Another potential problem of the Key-to-Voice could be ‘an infection control risk’ – it should be easy to decontaminate the tablet in order to prevent spreading the infectious diseases [10]. A replaceable antibacterial tablet cover that would be changed in the process of migration to another patient could solve this.
As for the research design, it has some limitations. First, participants saw the app for the first time so they were a little bit confused when it came to the tasks. It is possible that, after longer training, they would handle the app with significantly less effort and problems. Second, the hospital setting did not enable us to carry out longer interviews because of the patients’ well-being and hospital logistics and regimes (we did not want to interfere more than it was absolutely necessary). Third, rooms were shared by several patients and often it was impossible to stay with the participant alone so that he/she could not influence others. Fourth, some participants could not speak due to health reasons so, where it was possible, we gave them the questionnaire to fill in on their own. All these limitations were, nevertheless, necessary in order to observe the design being used by target users in their actual environment.

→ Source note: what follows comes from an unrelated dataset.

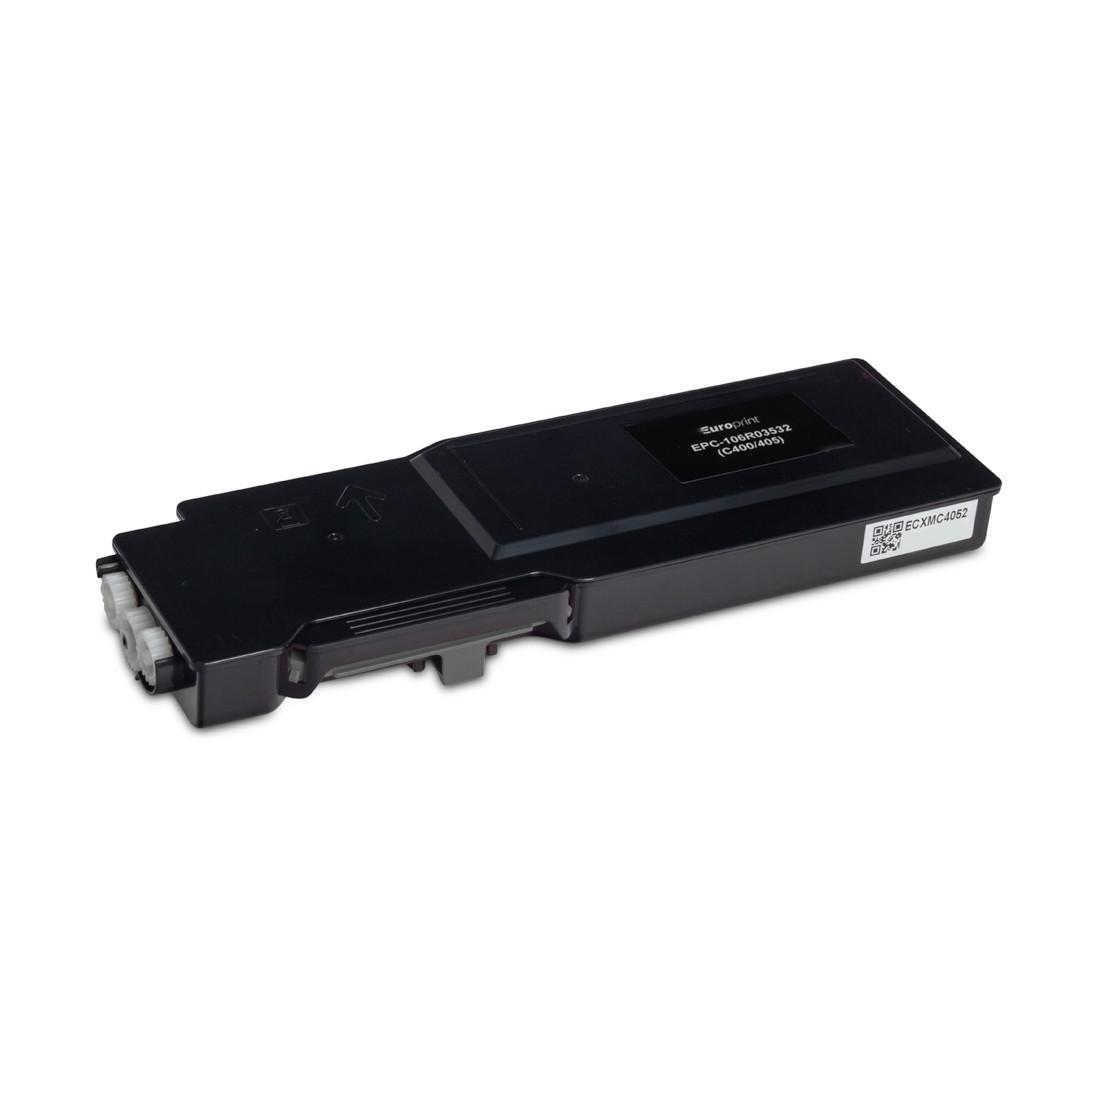 Картридж Europrint EPC-106R03532 Чёрный (C400/405)

Overall, our app is not perfect. There is definitely room for improvement, especially with regard to complexity of communication that is, right now, severely reduced in favour of simplicity and easiness. In the future, there is a room for some feature additions, such as typing own sentences and language mutations for foreign patients. However, from the perspective of the Czech Republic where the utilisation of any AAC intervention is still insufficient, we have proved that a tablet with proper app can be used as an AAC intervention quite easily and effectively, even in a specific environment such as hospital (ICU). Hopefully, we opened up a discussion about the implementation of the AAC interventions. From the international audience perspective, we would like to support using of AAC devices in the ICU settings where the interventions are still severely underused, as it could make communication easier for both the patients and personnel, which alone can result in better patients’ wellbeing in both physical and psychical terms. However, our study is an exploratory one, which means that it is the first study in the context of the Czech Republic that is focused on the possibility to implement an AAC intervention for improving communication in Czech hospitals. Further exploration and studies will be needed to better understand the whole issue and change the situation.
Footnotes
Acknowledgments
We would like to thank the staff of the Faculty Hospital in Motol for their cooperation and help. The research leading to these results has received funding from the Norwegian Financial Mechanism 2009–2014 and the Ministry of Education, Youth and Sports of the Czech Republic under Project Contract no. MSMT-28477/2014, Project no. 7F14236.
Conflict of interest
The authors declare that there is no conflict of interest.